● **Instructions to follow**: Write out the full listing exactly as given, minus the images.

● **Data provided**:
+++

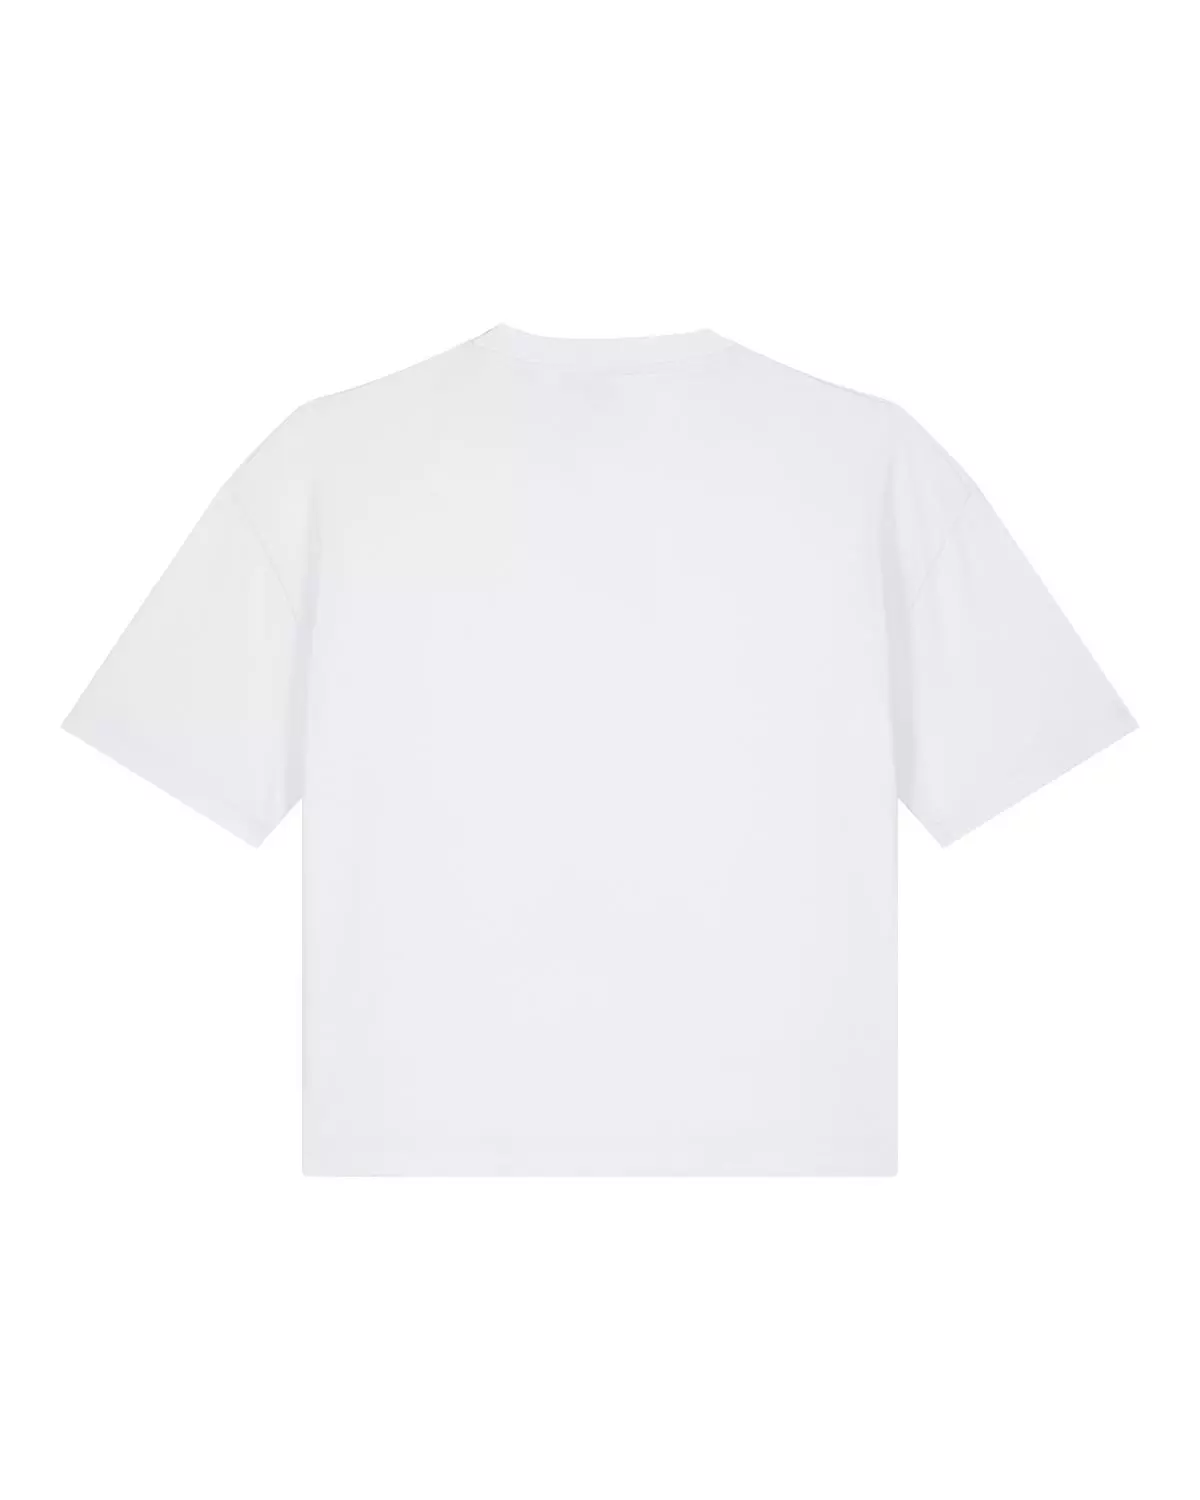 Boxy T-Shirt Modell: Novice
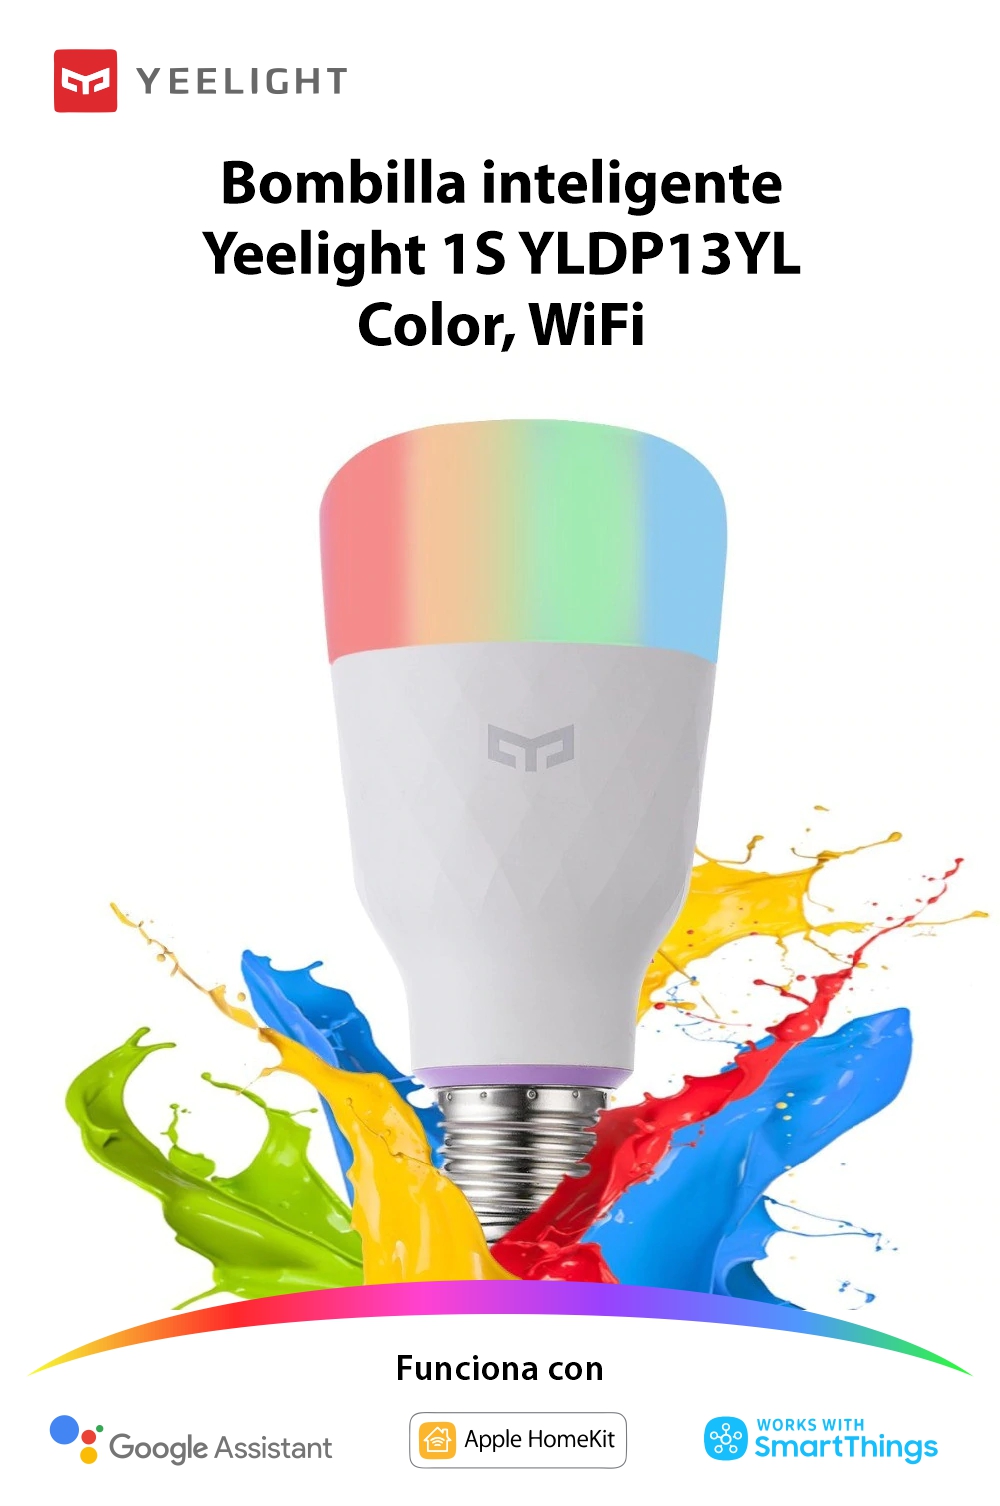 Bombilla inteligente YeeLight 1S YLDP13YL, Color, WiFi, 8,5 W, Compatible con Google Assistant, Apple HomeKit y SmartThings
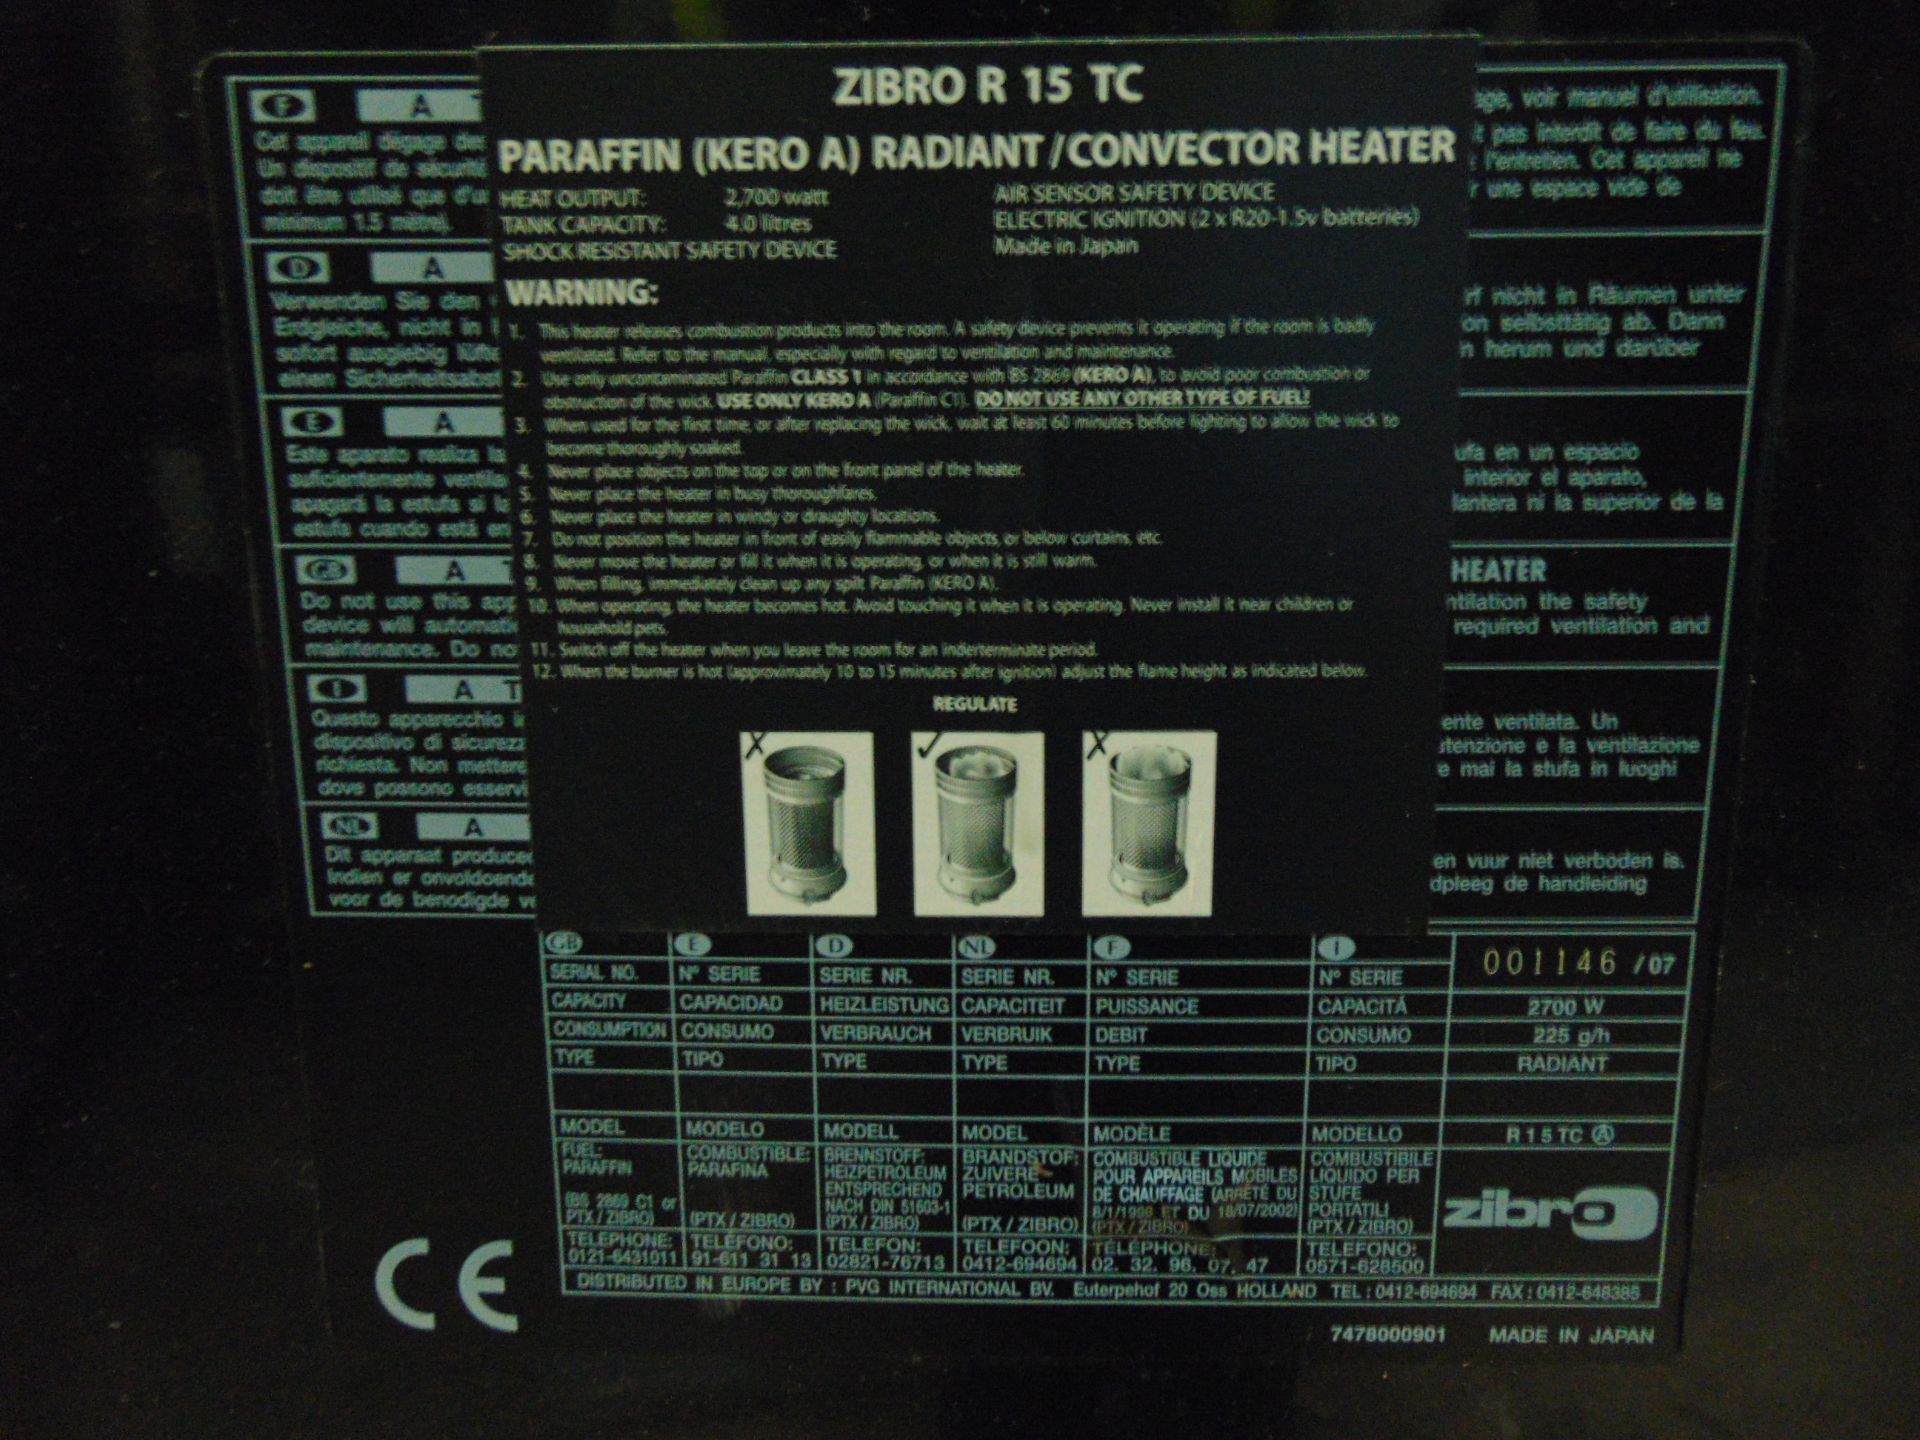 2 x Zibro R 15 TC Paraffin / Kerosene Heater. - Image 6 of 6

+++

● **Answer box**:
 Boxy T-Shirt Modell: Novice
 Bombilla inteligente YeeLight 1S YLDP13YL, Color, WiFi, 8,5 W, Compatible con Google Assistant, Apple HomeKit y SmartThings
 2 x Zibro R 15 TC Paraffin / Kerosene Heater. - Image 6 of 6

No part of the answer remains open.